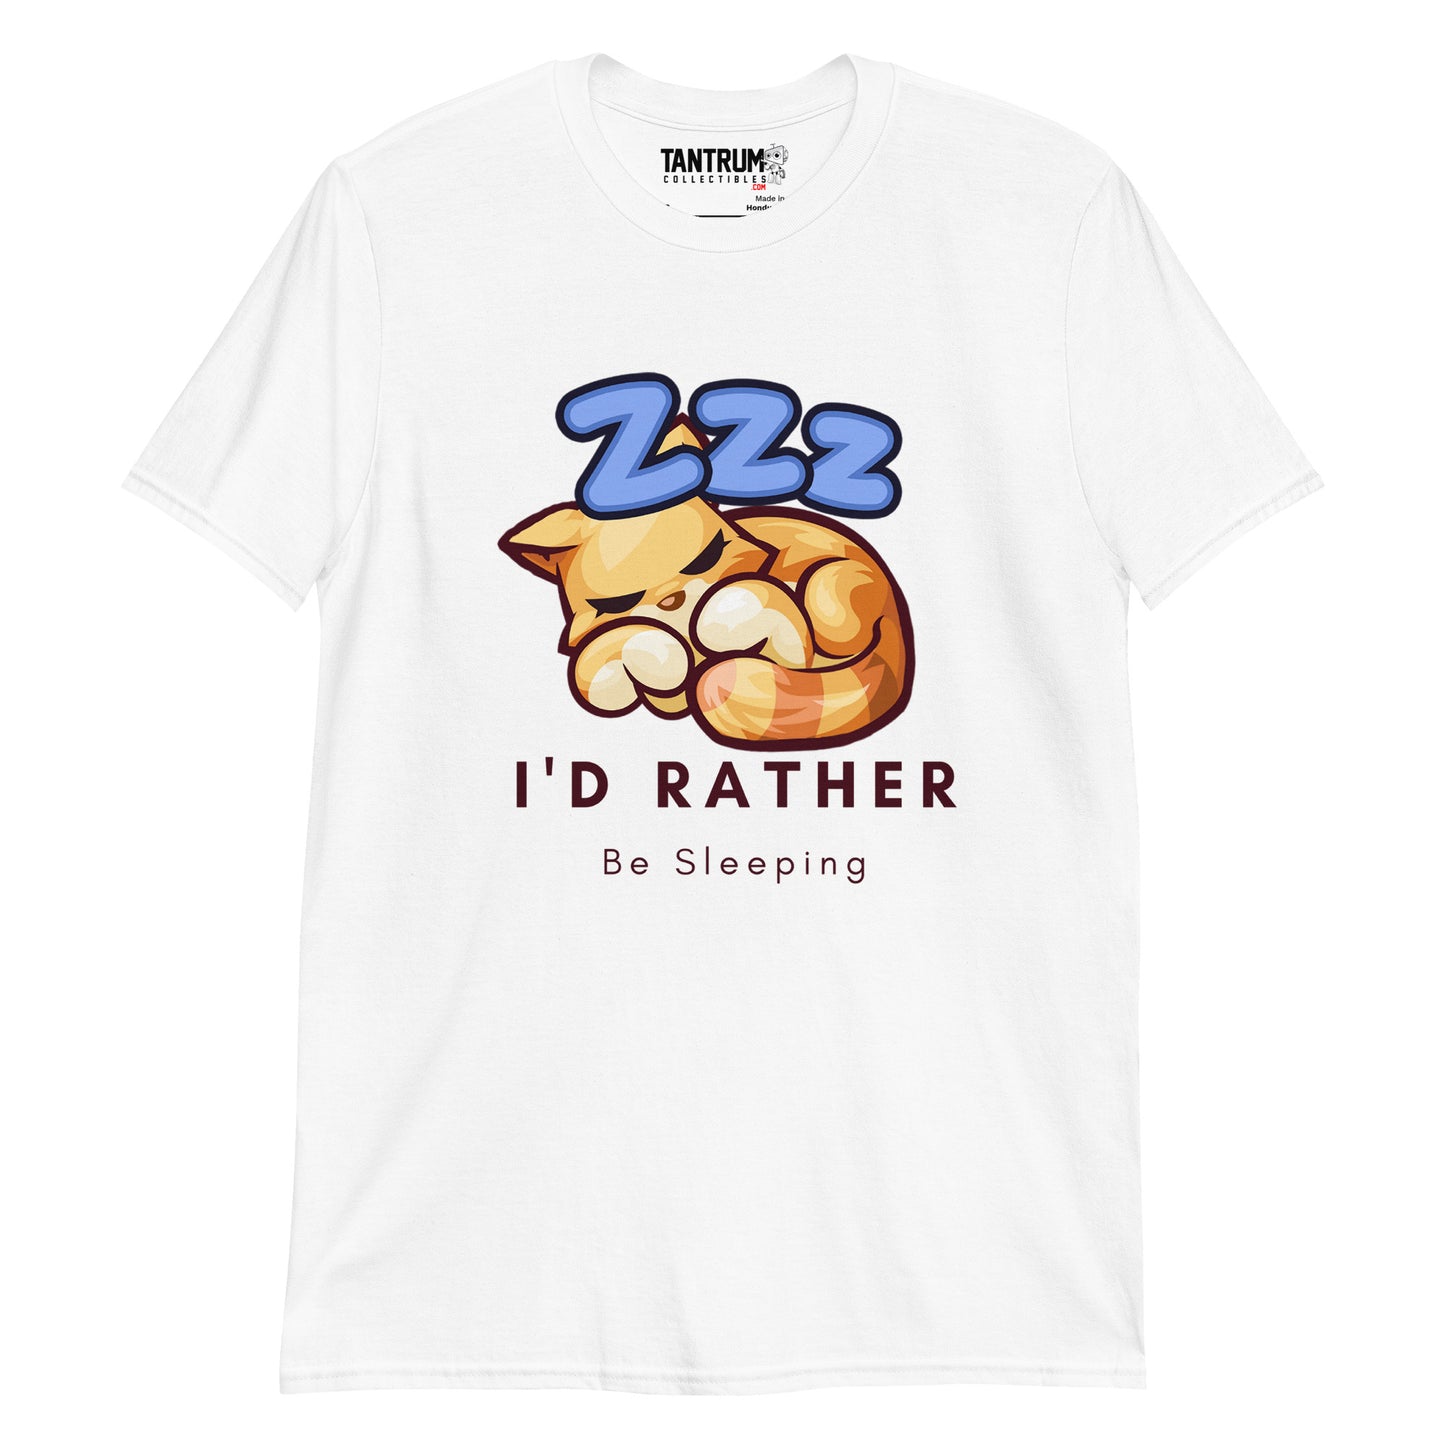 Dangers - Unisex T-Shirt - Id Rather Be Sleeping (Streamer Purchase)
--
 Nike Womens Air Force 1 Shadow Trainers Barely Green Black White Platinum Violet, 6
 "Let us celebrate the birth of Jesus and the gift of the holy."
--
Work to complete >>
Look above for the line holding "Nike Womens Air", then set down exactly that line and every line after it up to and including the line holding "us celebrate the", with nothing else.

Solution to the exercise >>
 Nike Womens Air Force 1 Shadow Trainers Barely Green Black White Platinum Violet, 6
 "Let us celebrate the birth of Jesus and the gift of the holy."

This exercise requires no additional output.